_What needs to be done_
Among the entries that follow, the required portion opens with the line containing "Μαγιό Arena Arena" and closes with the line containing "Bodega Head Sunset". Give that portion again exactly, and nothing else.

Source records:
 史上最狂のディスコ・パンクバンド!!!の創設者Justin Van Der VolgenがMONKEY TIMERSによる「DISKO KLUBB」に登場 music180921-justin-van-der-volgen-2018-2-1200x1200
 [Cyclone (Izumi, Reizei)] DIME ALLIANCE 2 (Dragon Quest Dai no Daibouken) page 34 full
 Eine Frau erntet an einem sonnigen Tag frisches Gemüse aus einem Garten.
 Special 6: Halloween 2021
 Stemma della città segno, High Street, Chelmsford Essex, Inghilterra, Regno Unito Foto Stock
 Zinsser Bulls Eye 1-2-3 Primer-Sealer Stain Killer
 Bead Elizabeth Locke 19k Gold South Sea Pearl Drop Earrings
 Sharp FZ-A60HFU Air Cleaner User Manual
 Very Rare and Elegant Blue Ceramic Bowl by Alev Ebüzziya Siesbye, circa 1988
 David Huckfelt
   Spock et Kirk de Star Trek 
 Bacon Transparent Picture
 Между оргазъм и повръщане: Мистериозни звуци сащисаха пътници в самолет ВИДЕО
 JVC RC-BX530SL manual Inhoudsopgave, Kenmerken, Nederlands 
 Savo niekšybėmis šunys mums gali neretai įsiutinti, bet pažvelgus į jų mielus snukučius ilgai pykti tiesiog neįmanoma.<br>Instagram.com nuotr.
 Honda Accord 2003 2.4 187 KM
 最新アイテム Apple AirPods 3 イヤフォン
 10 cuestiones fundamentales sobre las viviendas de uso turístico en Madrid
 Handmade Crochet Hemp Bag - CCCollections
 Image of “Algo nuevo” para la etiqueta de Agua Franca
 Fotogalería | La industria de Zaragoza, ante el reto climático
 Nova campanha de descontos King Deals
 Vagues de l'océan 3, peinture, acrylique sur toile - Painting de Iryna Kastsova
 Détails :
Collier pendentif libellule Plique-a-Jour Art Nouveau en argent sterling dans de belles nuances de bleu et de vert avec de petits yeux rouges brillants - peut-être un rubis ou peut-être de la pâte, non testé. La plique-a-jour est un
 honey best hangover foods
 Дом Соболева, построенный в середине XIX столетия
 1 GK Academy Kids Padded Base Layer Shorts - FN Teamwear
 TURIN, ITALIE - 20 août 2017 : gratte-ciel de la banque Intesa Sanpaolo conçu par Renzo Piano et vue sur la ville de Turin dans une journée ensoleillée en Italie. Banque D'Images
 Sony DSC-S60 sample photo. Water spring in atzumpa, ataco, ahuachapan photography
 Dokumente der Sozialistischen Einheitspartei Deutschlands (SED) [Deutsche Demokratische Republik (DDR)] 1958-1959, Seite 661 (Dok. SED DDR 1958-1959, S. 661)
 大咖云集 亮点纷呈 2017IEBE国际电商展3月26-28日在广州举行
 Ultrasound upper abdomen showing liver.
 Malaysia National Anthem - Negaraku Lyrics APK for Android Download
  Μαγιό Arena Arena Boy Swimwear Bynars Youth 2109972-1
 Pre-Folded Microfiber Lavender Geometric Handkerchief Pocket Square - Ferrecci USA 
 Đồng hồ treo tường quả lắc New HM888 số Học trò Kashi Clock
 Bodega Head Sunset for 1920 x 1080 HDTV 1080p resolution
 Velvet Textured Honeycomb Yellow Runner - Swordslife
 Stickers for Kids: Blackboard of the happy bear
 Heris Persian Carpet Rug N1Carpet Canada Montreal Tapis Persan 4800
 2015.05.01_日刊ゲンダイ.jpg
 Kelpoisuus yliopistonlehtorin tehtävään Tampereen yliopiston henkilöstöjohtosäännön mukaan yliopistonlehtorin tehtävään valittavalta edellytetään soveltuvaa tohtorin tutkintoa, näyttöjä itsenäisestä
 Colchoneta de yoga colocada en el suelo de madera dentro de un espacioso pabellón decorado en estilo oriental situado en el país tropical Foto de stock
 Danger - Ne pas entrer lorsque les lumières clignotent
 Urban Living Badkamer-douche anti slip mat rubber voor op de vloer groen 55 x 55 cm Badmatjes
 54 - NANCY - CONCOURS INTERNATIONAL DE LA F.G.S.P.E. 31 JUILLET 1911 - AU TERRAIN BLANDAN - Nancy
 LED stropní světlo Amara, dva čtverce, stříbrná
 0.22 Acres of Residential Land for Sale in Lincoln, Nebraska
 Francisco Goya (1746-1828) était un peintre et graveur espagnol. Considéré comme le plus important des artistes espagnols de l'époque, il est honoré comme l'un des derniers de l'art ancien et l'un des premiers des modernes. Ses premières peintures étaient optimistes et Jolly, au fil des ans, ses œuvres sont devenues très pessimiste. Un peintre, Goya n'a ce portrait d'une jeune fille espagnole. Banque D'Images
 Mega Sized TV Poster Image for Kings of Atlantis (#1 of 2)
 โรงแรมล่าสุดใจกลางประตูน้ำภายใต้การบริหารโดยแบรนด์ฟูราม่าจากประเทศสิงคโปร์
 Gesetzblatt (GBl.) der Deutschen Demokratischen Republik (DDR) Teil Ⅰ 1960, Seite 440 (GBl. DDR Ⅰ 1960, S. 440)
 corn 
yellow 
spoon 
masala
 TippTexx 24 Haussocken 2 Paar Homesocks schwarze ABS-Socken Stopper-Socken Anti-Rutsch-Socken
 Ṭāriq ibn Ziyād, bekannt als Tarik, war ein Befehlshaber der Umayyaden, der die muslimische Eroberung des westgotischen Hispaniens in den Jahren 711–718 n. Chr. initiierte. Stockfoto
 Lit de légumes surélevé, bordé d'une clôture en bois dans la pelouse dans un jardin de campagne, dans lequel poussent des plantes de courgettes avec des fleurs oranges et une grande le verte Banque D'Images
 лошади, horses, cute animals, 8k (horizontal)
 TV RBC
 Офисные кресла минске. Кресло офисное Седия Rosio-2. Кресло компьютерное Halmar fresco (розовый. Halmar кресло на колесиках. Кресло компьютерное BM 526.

_Result of this task_
  Μαγιό Arena Arena Boy Swimwear Bynars Youth 2109972-1
 Pre-Folded Microfiber Lavender Geometric Handkerchief Pocket Square - Ferrecci USA 
 Đồng hồ treo tường quả lắc New HM888 số Học trò Kashi Clock
 Bodega Head Sunset for 1920 x 1080 HDTV 1080p resolution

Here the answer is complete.